I was a little bored with the tourist side of things at this point, there was too much rushing around to really take anything in other than the location of the nearest McDonalds or ATM. Fortunately the night life was still excellent. Michelle borrowed Kristys hair straightener that afternoon and gave both of our manes some attention. By the time she was finished the only thing about me that was curved was my apparent sexual orientation. So with my epic hair equipped and a few hastily concocted vodkas under my belt I headed out with the group to a beutiful restaurant in the hills around Florence. The whole place was shut down for our group, with free cocktails on arrival followed by a host of weird yet tasty entrees. Our entertainment for the evening was another nerdy white guy with a synthesiser, only this time he was armed with a piano and sounded like Meatloaf would if english was his third language. The main course was brought out in style, with dimmed lighting, sparklers and a stirling rendition of the Star Wars theme by our now borderline psychotic pianist. There on the plate was a very significant portion of pig. A delicious pig. Alongside it we got glasses of wine that at first I thought was whiskey, then our tour guide brought out a mean little yellow bottle of some liquor brewed by monks. The alcohol rating was 90%, and it tasted exactly the way disinfectant smells. I was lucky enough to spill some on my chin, so I wont have to shave there for a while.

With my mouth still burning, we left the restaurant for a really excellent club that I remember only as a building full of mirrors and some pumping music. I danced like it was friday night at The Family 6 years ago and had the best night out I've had in ages. I had switched from Long Islands back to good old Vodka, so I woke up the next morning with next to no hangover and was bright eyed and bushy tailed for our trip to La Spezia.
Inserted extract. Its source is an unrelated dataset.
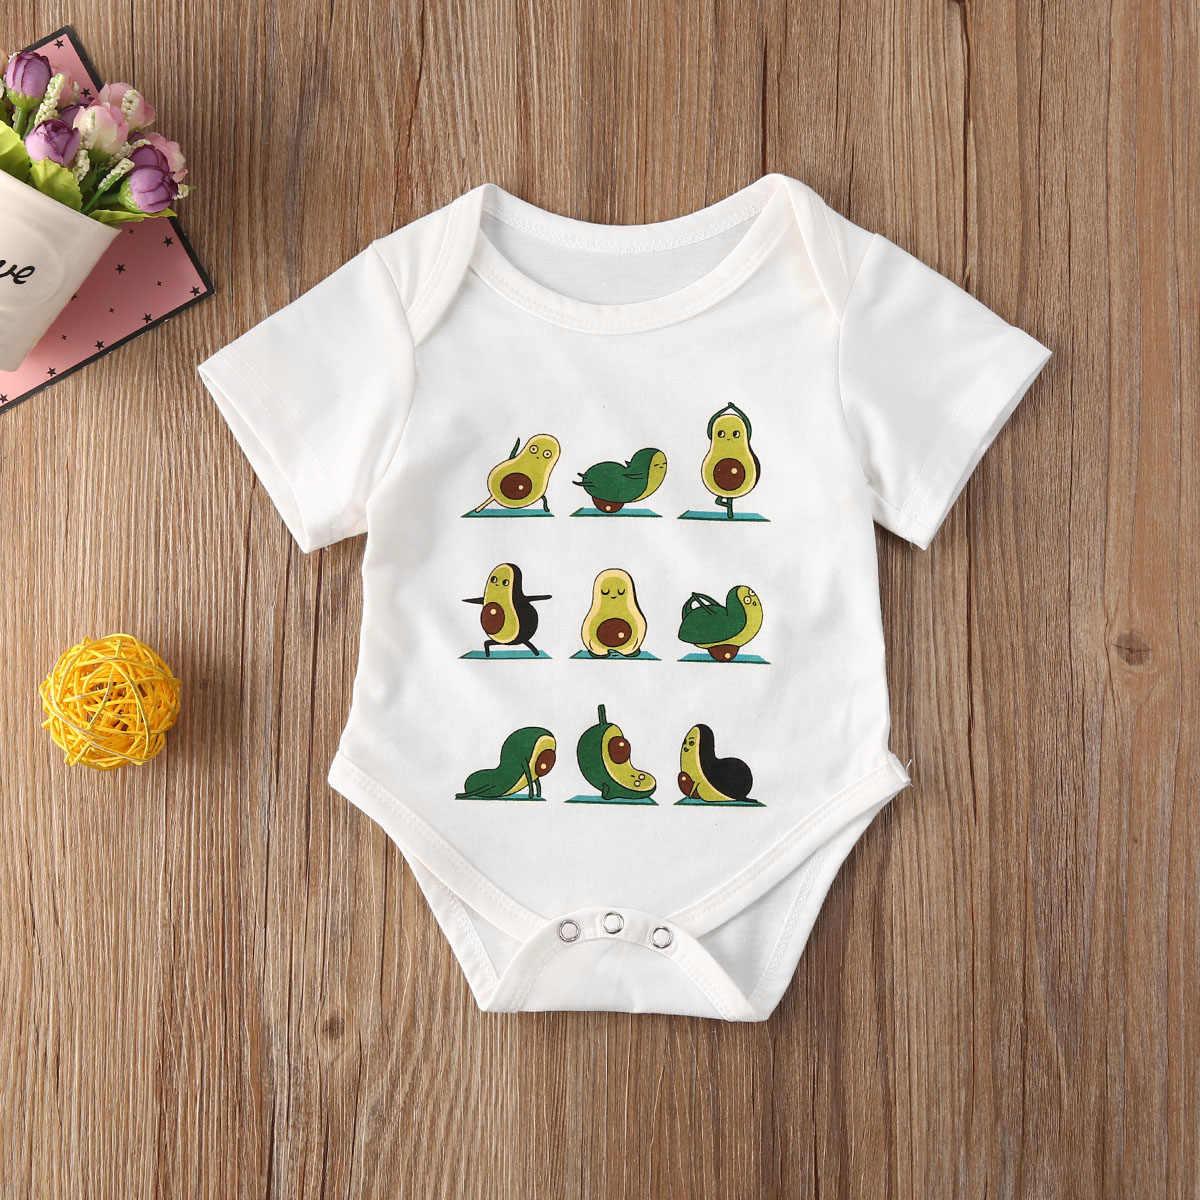 2020 아기 여름 의류 여자를위한 아기 Jumpsuits 만화 아보카도 인쇄 라운드 넥 반팔 Bodysuit for Kids Girls

The bus ride to La Spezia was quite uneventful, we were there in a couple of hours (after stopping by in Pisa for the obligatory tourist photos. La Spezia wasnt our actual destination for the day, it was just where we'd be staying the night. We got off the bus and got straight on a train which started heading down the Italian coastline. It wasnt until I caught my first glimpse of the vast blue ocean that I realised why we were in Italy. The beautiful coastlines and crystal clear water had never entered my imagination until that moment and I suddenly remembered that I was having a holiday on the mediterranian coast and that was a good thing. We carried on for a few more kilometers of beautiful scenery before we got to Cinque Terre.

I believe Cinque Terre is italian for "No Fat Chicks". It is a tiny little beach town, little more than a train station and some gift shops, set against the most beautiful coastline Ive ever seen. The beach is made of rocks and umbrellas, and there is about 3 feet of shallow water before you drop off into the deep blue. Everyone is absolutely beautiful, even the old ladies looked like they could cook a pretty mean lasagne. A lot of the beautiful people were also naked.

As the whole beach experience had caught my by surprise, I was still wearing my Nikes and looking like a total square. I bought a pair of 3 euro sandals outside the train station and joined Kristy, Michelle and Dani in a little waterfront cafe that was rapidly becoming a Contiki hangover ward. I had possibly the best pizza of my entire trip and then, in a blatant disregard for personal safety, went swimming straight away.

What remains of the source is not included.